TASK STATEMENT: After locating the line that holds "Miracool Wrist Support", repeat it and each following line exactly until the material ends, skipping pictures.
:: DATA SHOWN ::
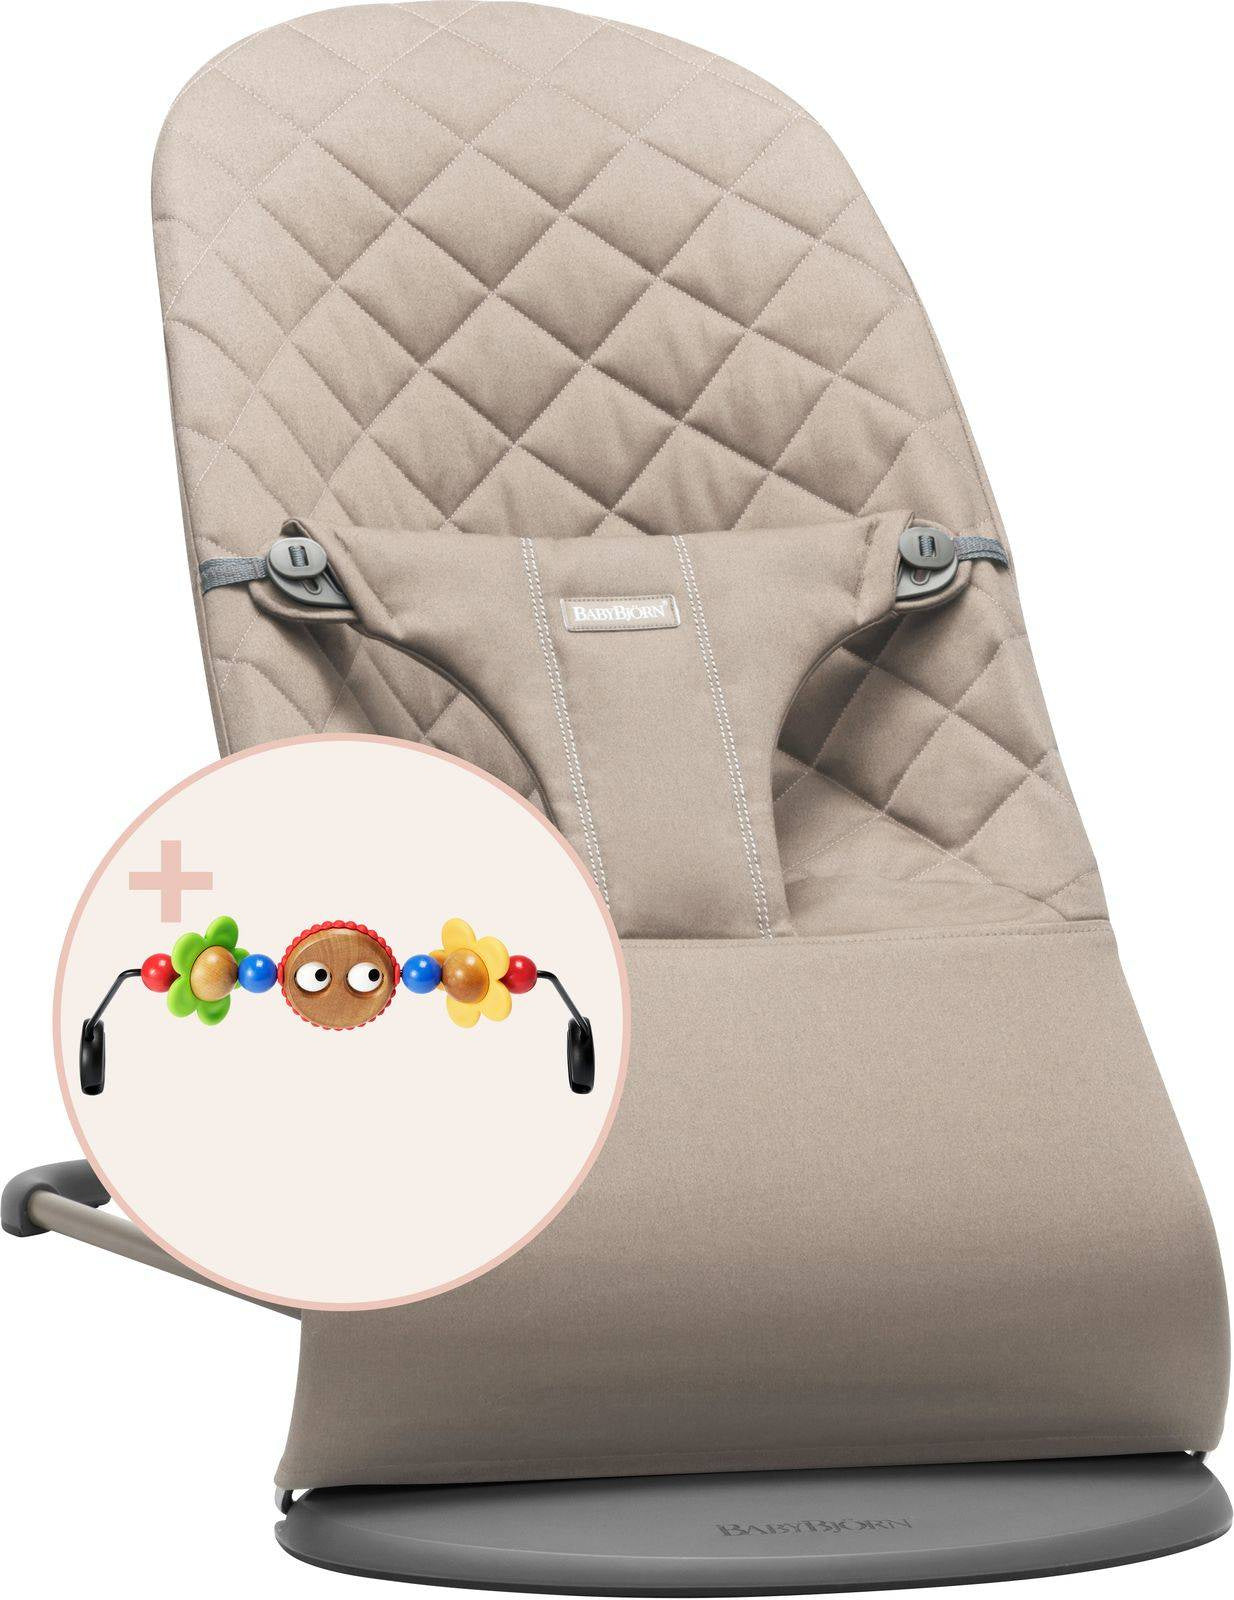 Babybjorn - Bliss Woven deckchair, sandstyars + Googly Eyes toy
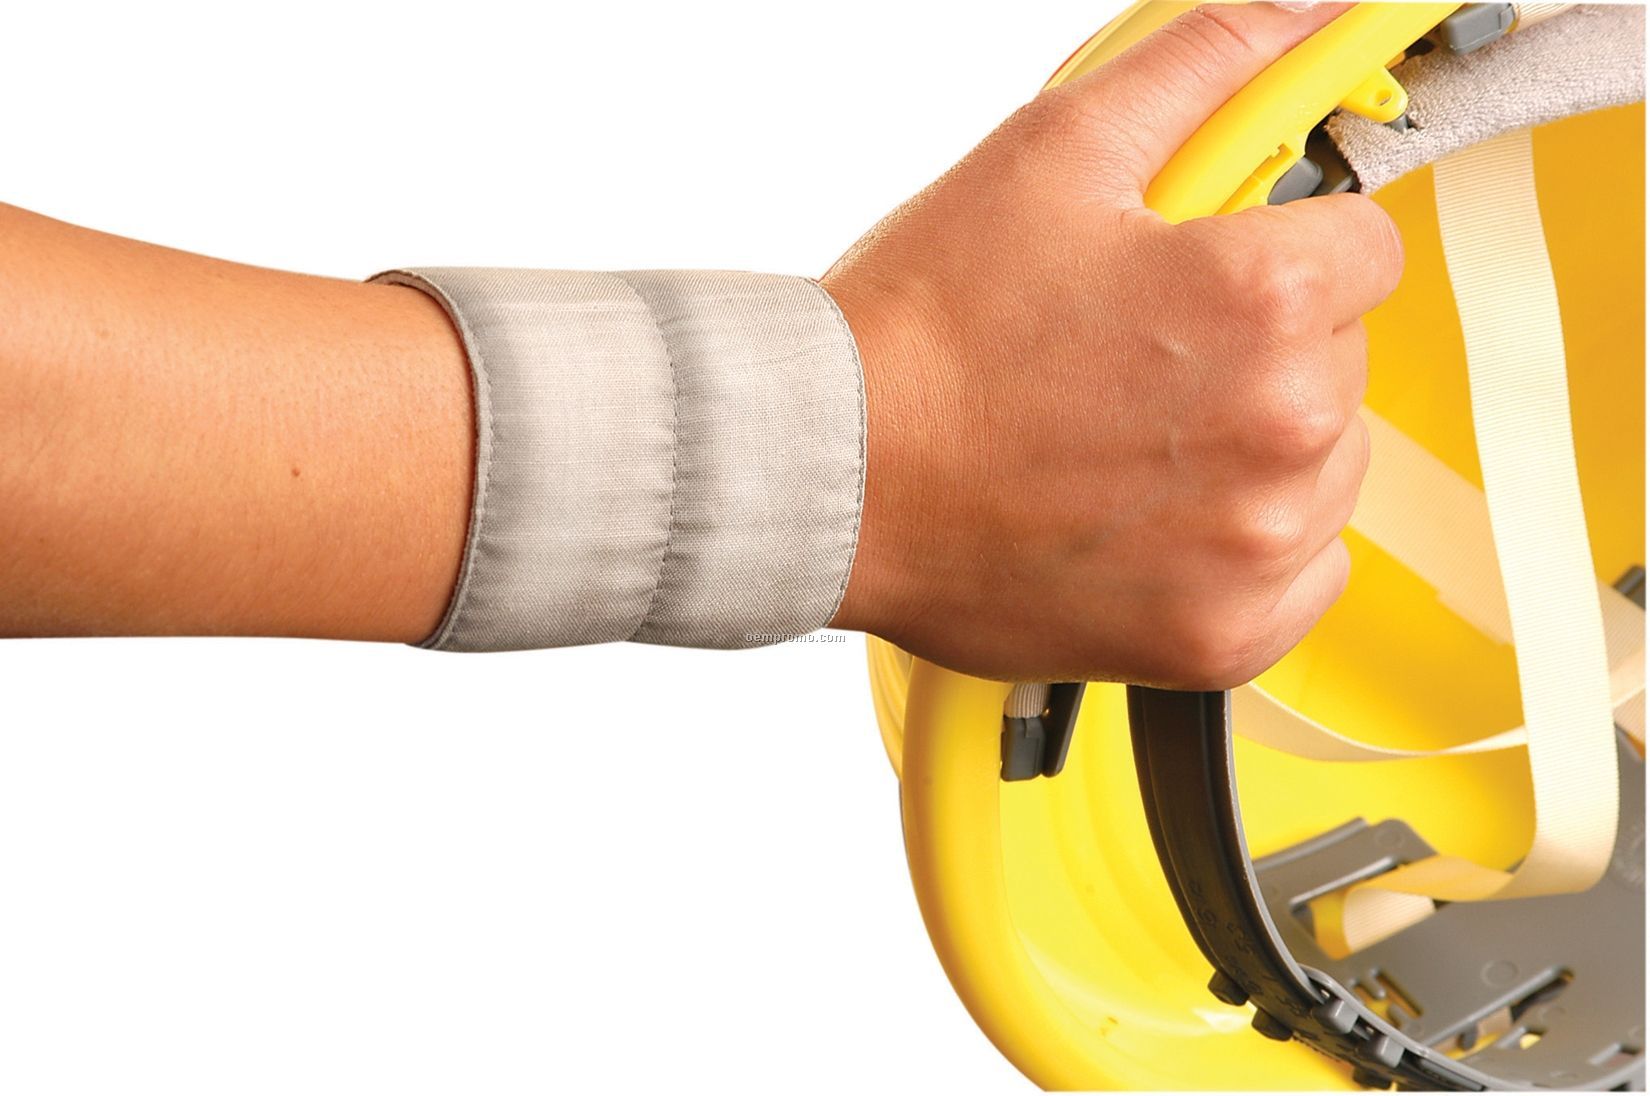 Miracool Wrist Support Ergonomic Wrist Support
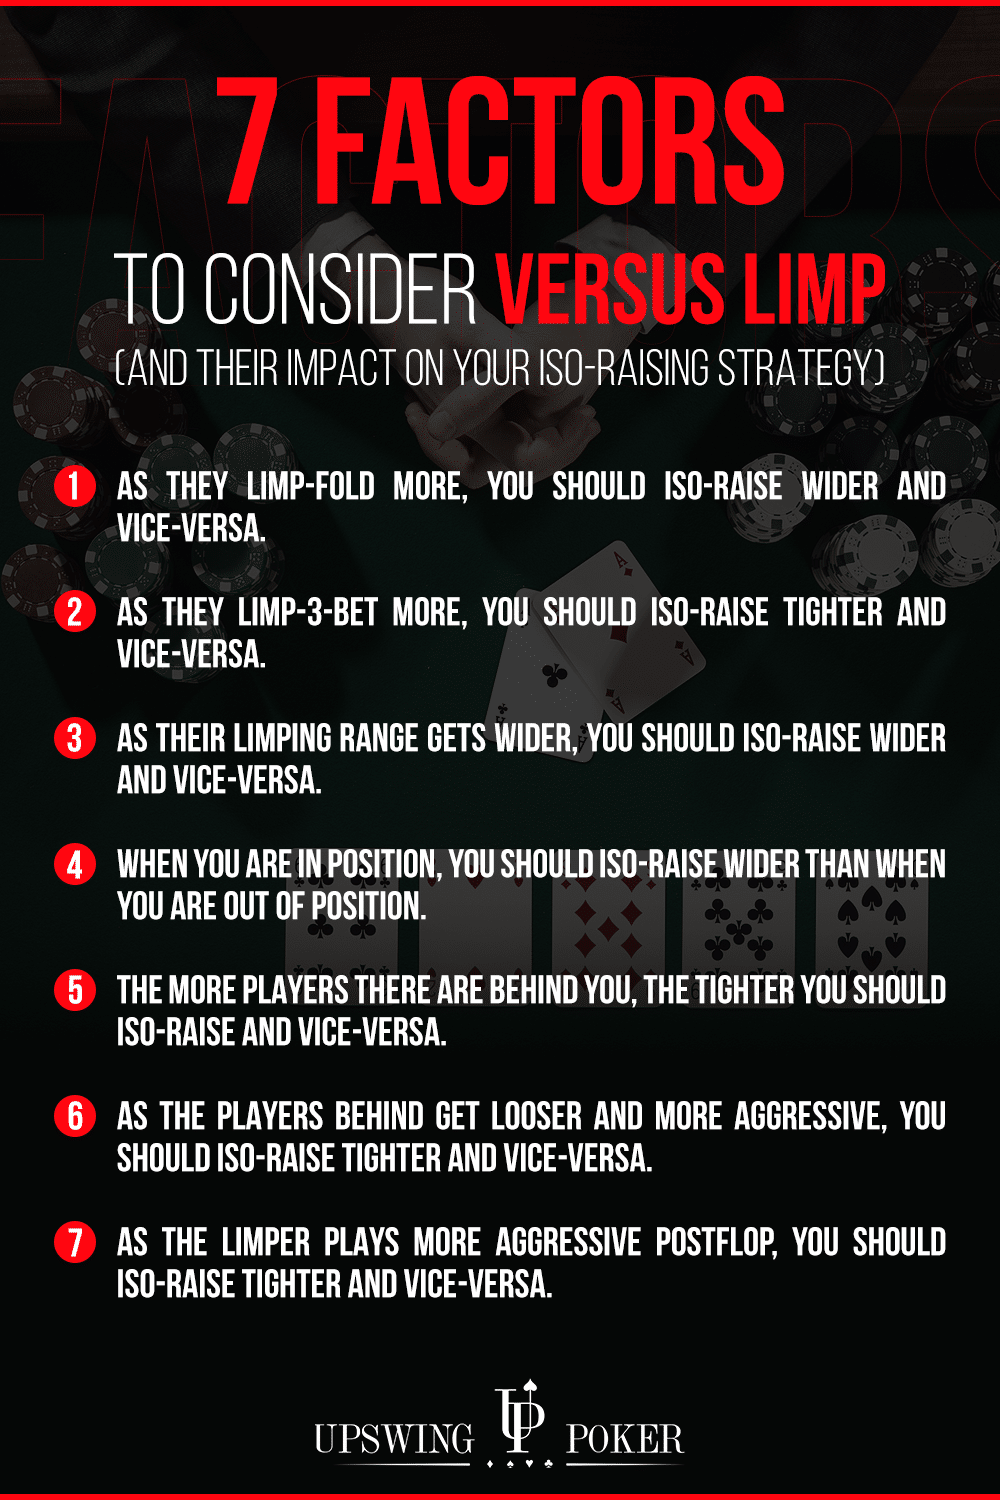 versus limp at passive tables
:::
SOLVED EXERCISE:
 Miracool Wrist Support Ergonomic Wrist Support
 versus limp at passive tables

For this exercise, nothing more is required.